Tuesday, July 30, 2013

Gee, Does Medical Tourism Mean I Can Go To Appleton???

by LAS

I ran across a mention that a hip replacement costs only about $27,000 in Appleton, Wisconsin, while it can cost as much as $126,000 in a major metro area such as Houston, Texas. Why the disparity?

Obviously wide variations in income levels between major metro areas and smaller towns are a big factor. But also the fact that the hospital has to pay much higher property taxes and other expenses in a big city is another major factor. It may also have to buy another lot to build a parking structure on for patients and visitors, while the small town has free street parking.


The small town hospital might also sacrifice some frills, too. 

Monday, July 29, 2013

Joe Schmo and Mrs Schmo and the Inherited IRA

by LAS

Joe Schmo can leave his IRA to your surviving spouse (Mrs Schmo) or child (Johnny Schmo), no problem. But doing it right can avoid a big tax bite. This is according to Jane Bryant Quinn, so if your local finance advisor is at all confused over how to handle this, tell him that.

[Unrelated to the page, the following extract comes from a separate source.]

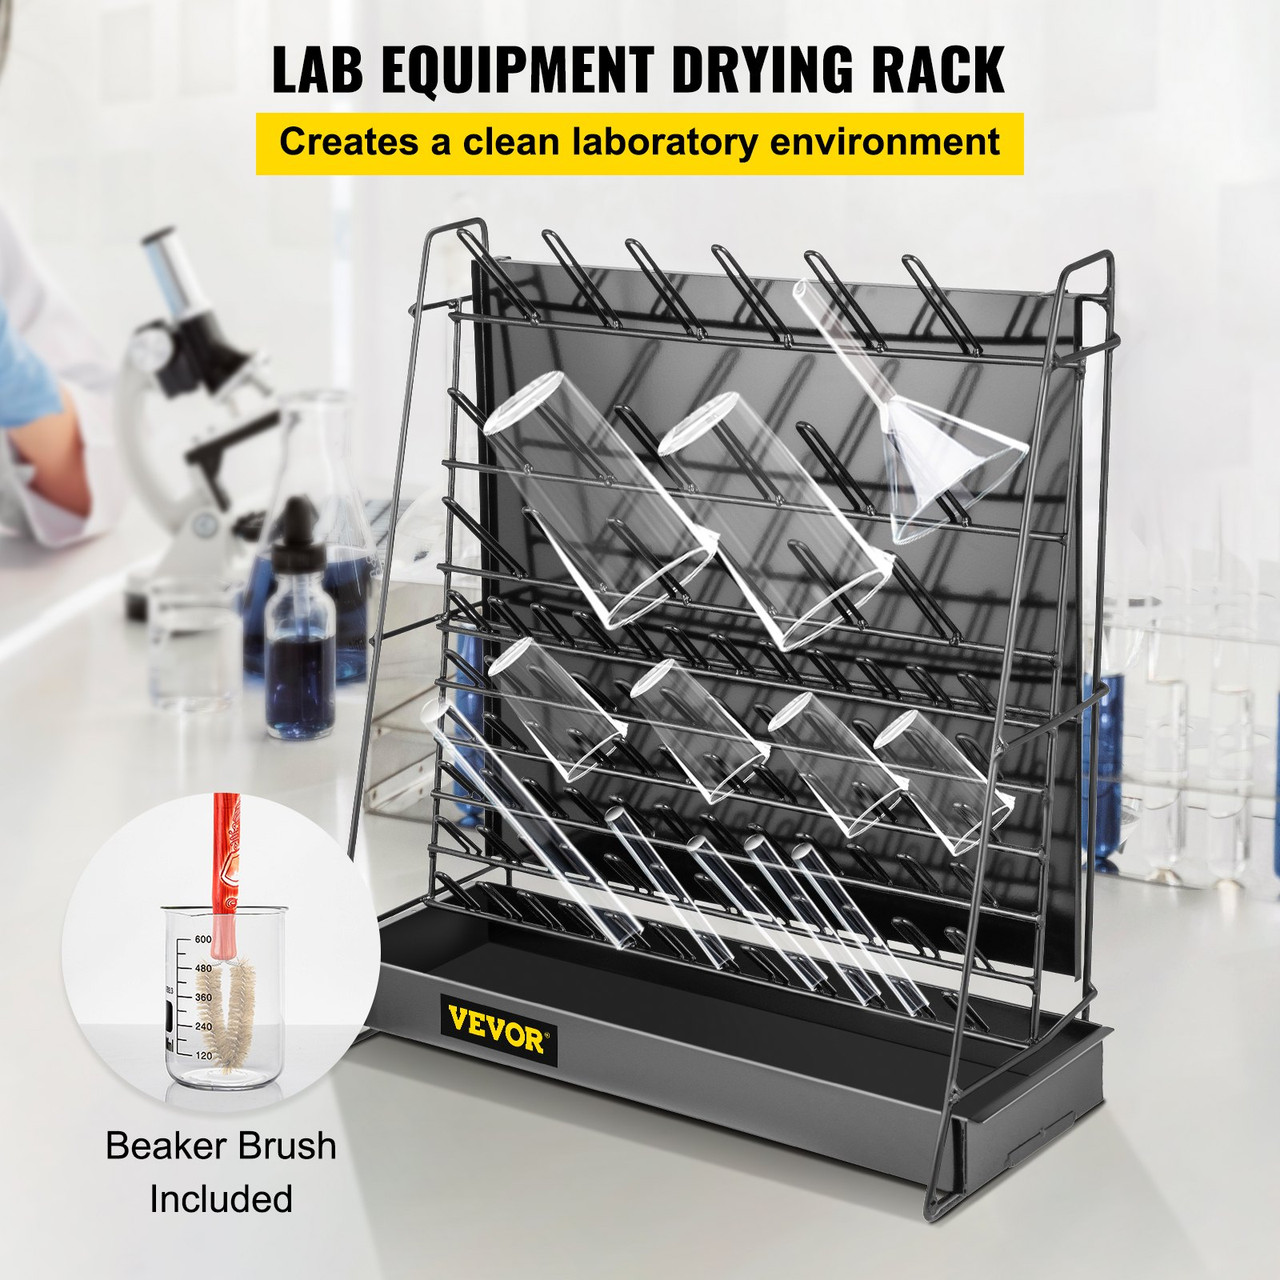 Drying Rack for Lab 90 Pegs Lab Glassware Rack Steel Wire Glassware Drying Rack Wall-Mount/Free-Standing Detachable Pegs Lab Glass Drying Rack Black Cleaning Frame for School Laboratory Utensils

Mr Joe Schmo has a very fine IRA, but one day he kicked the bucket. Fortunately he designated Mrs Schmo as his beneficiary.

Mrs Schmo has to put this IRA in her name. This is called retitling. With a traditional IRA, she has to leave the money alone until she reaches age 70 and a half, when the law requires her to start making withdrawals. (NOTE: With a Roth IRA, you can keep money you do not need in the IRA for the next generation.)

Mrs Schmo is under 59 and a half, so this is how she should re-title this IRA: “Joe Schmo IRA (deceased MO-DAY-YR) for the benefit of Jane Schmo, beneficiary.”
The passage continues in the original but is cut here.